▶ **What is being asked**
Please output the listing that follows exactly, but keep all images out.

(Beginning of Given information)

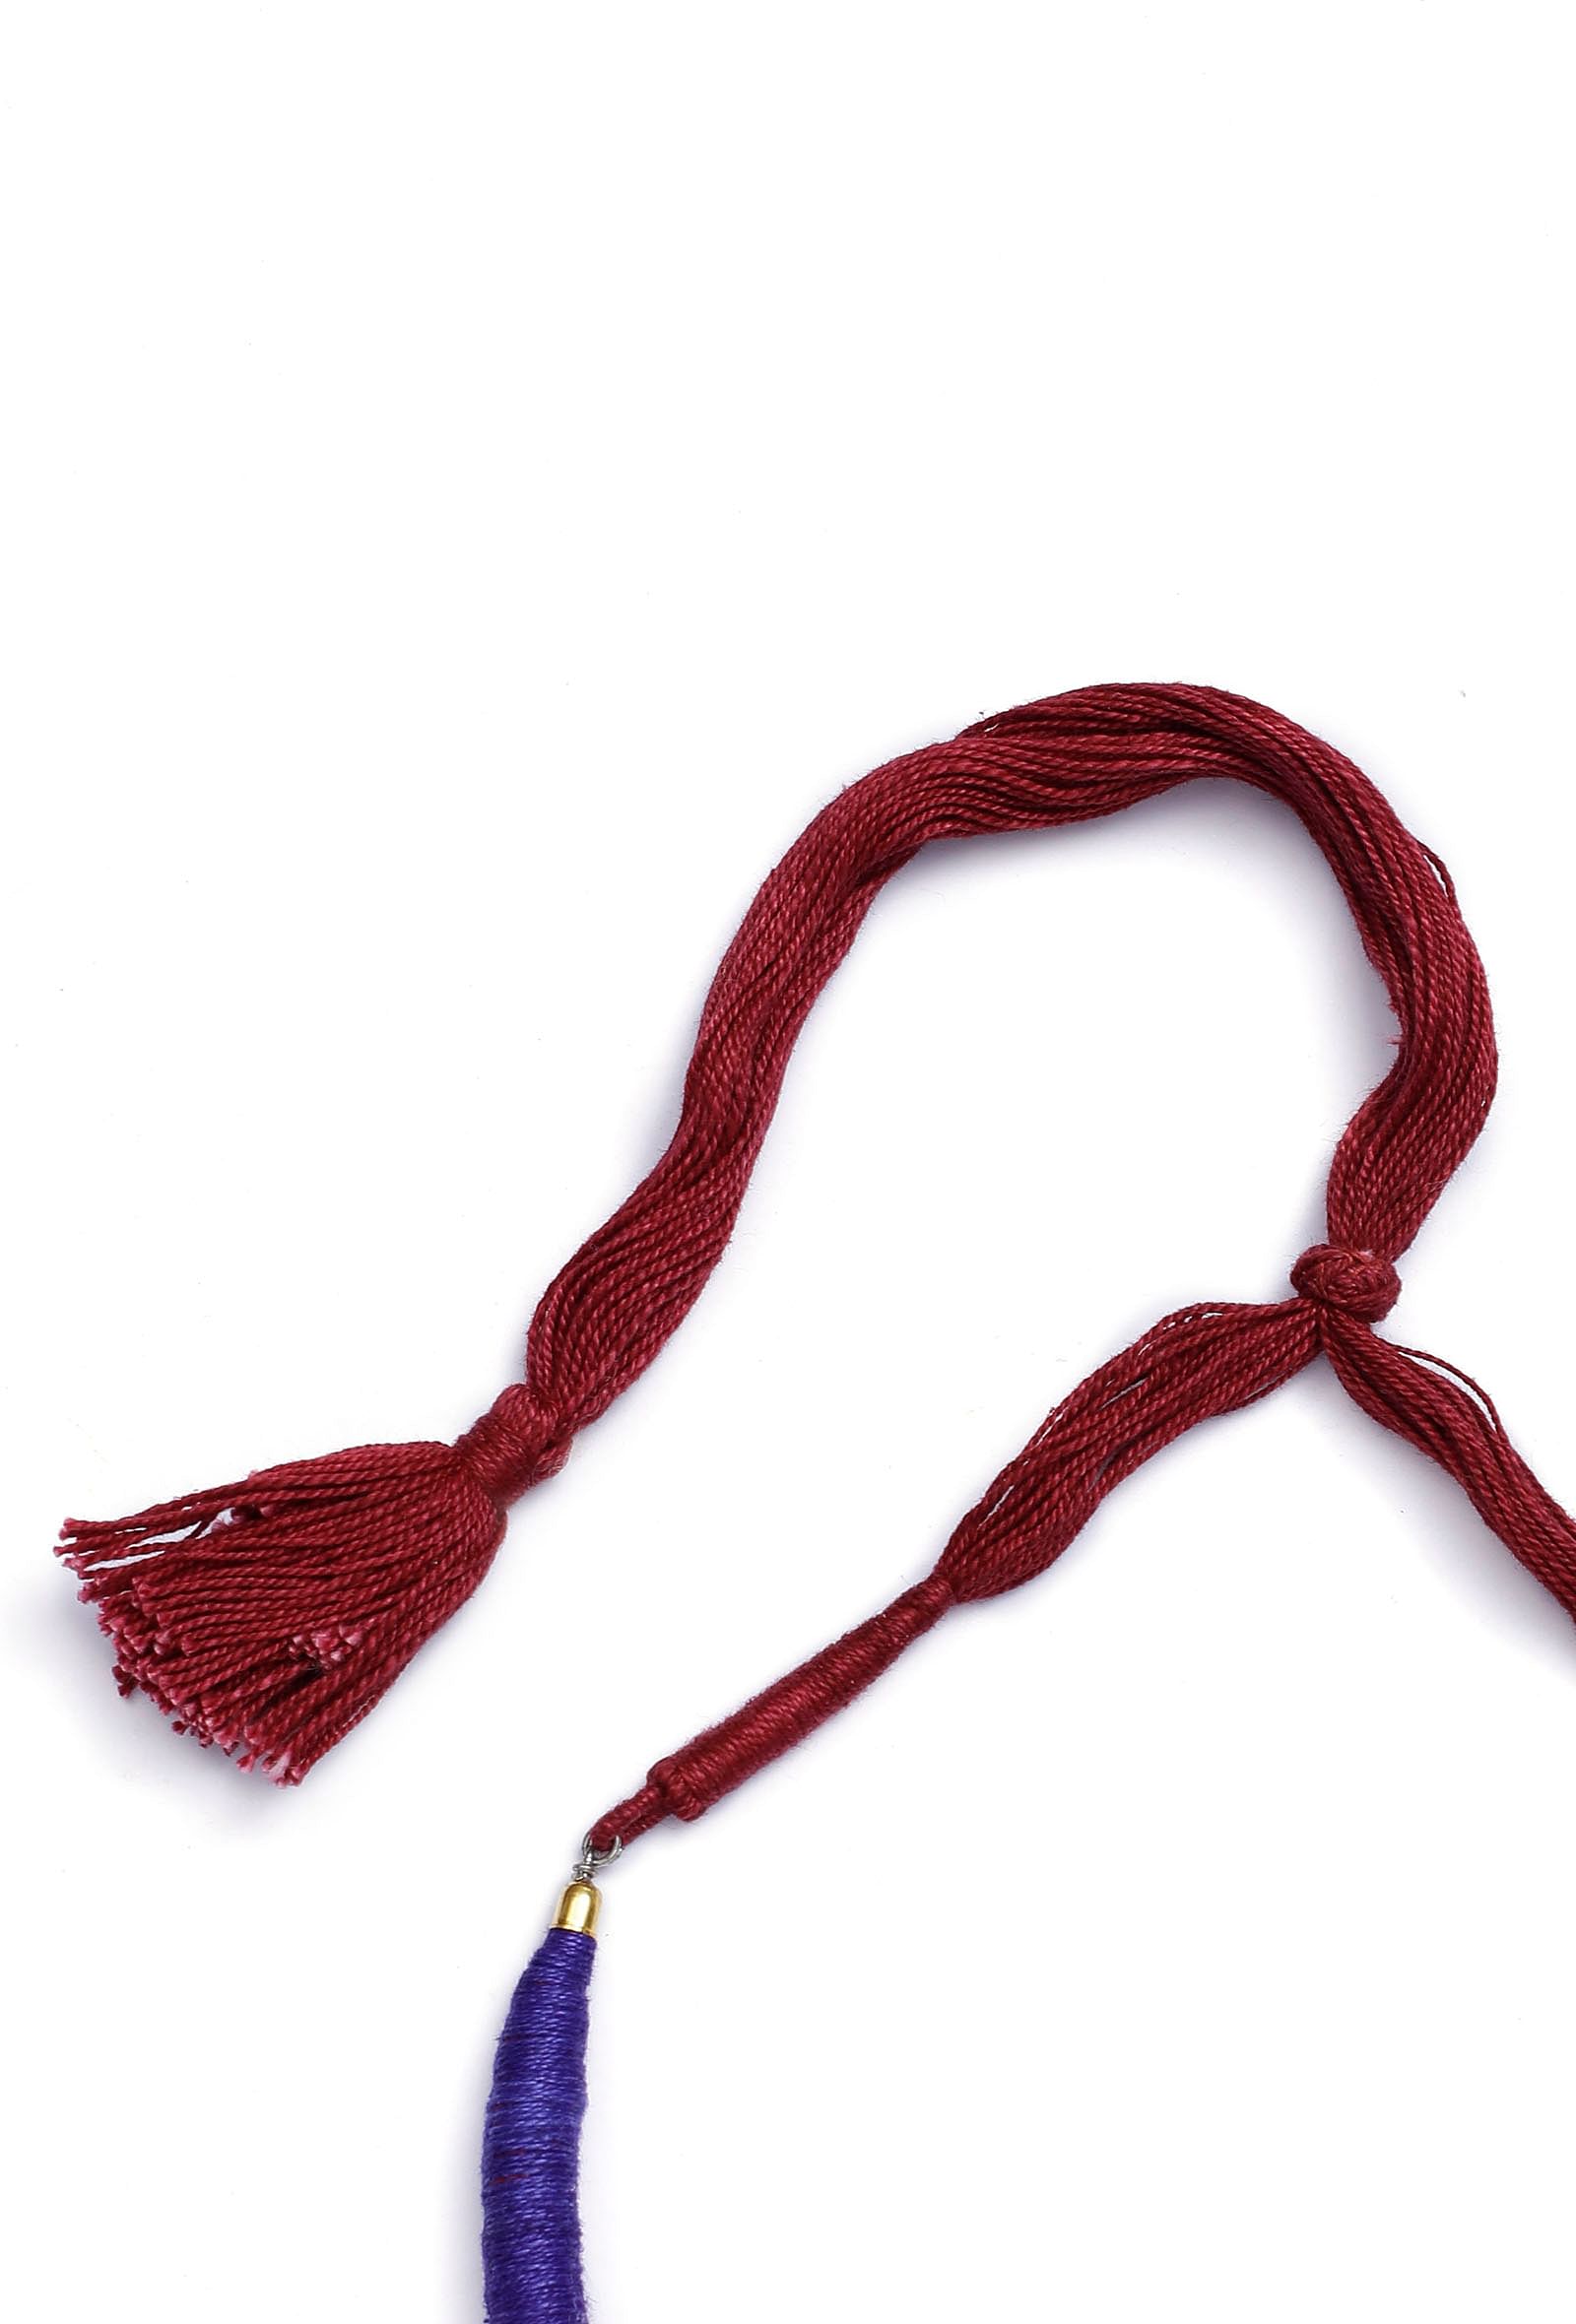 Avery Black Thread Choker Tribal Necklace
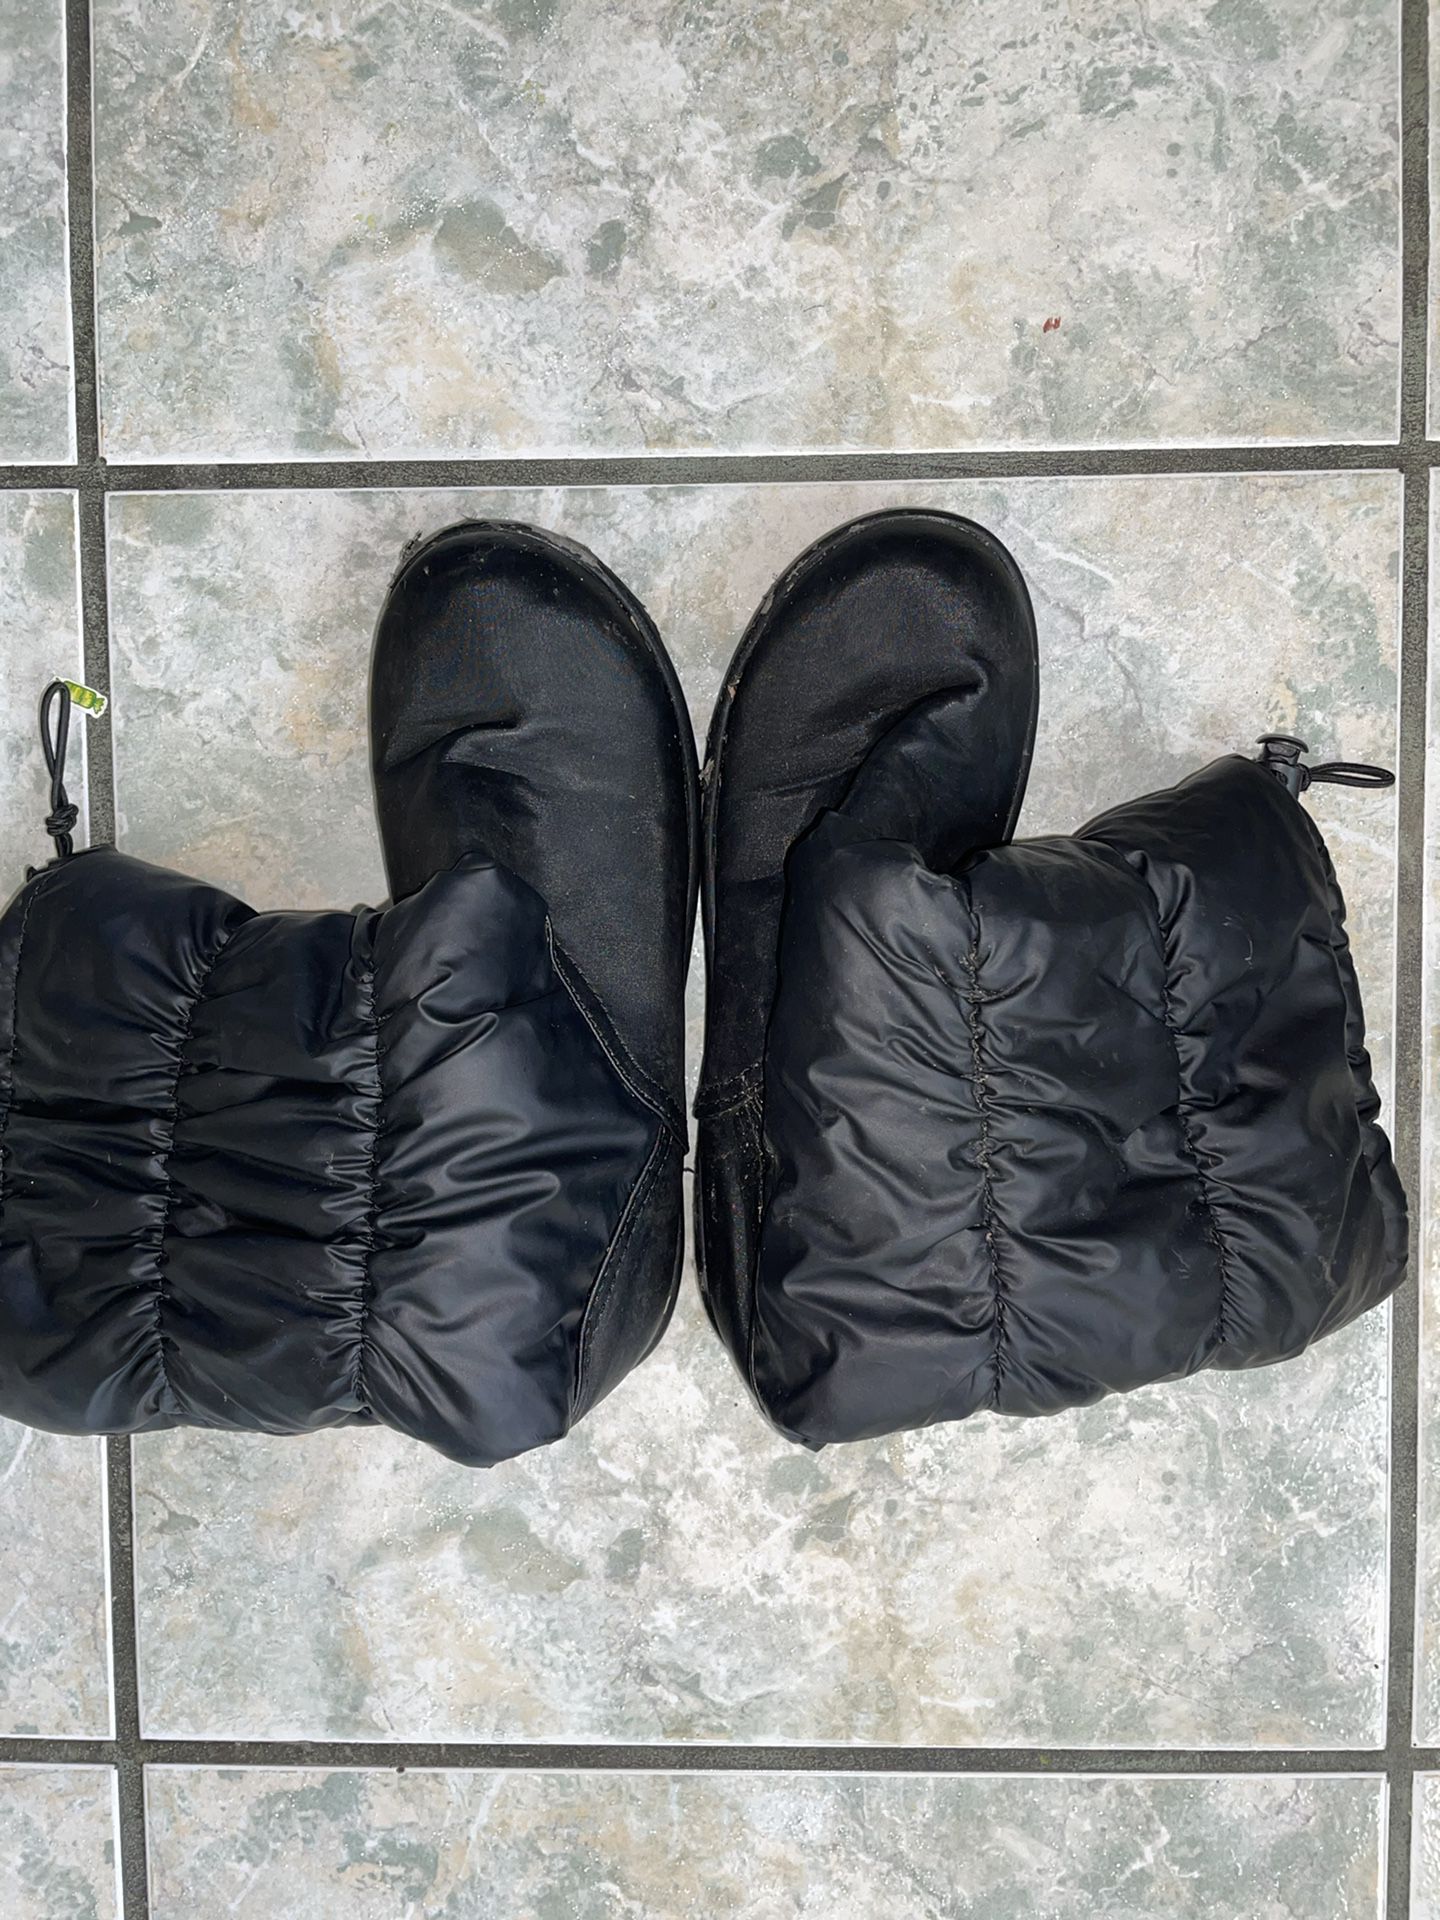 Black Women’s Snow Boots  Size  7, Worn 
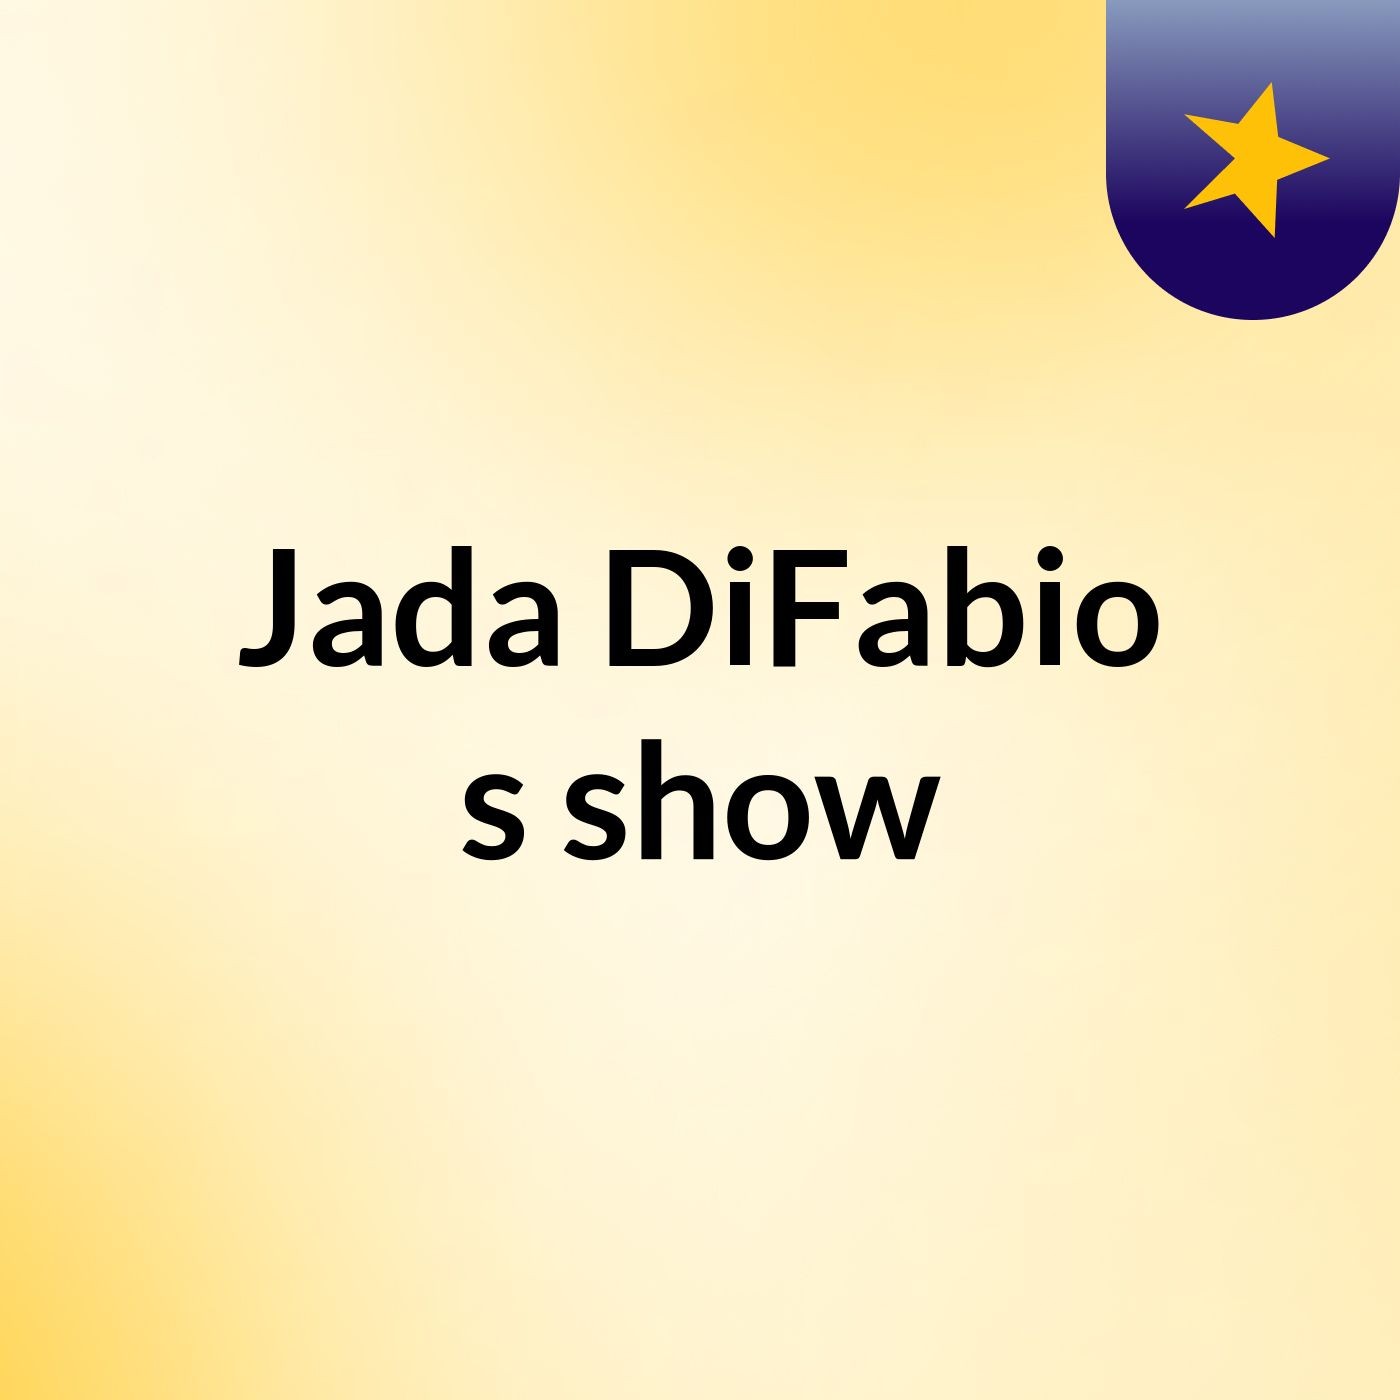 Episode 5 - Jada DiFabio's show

(End of Given information)

▶ **Response to this task**
 Avery Black Thread Choker Tribal Necklace
 Black Women’s Snow Boots  Size  7, Worn 
 Episode 5 - Jada DiFabio's show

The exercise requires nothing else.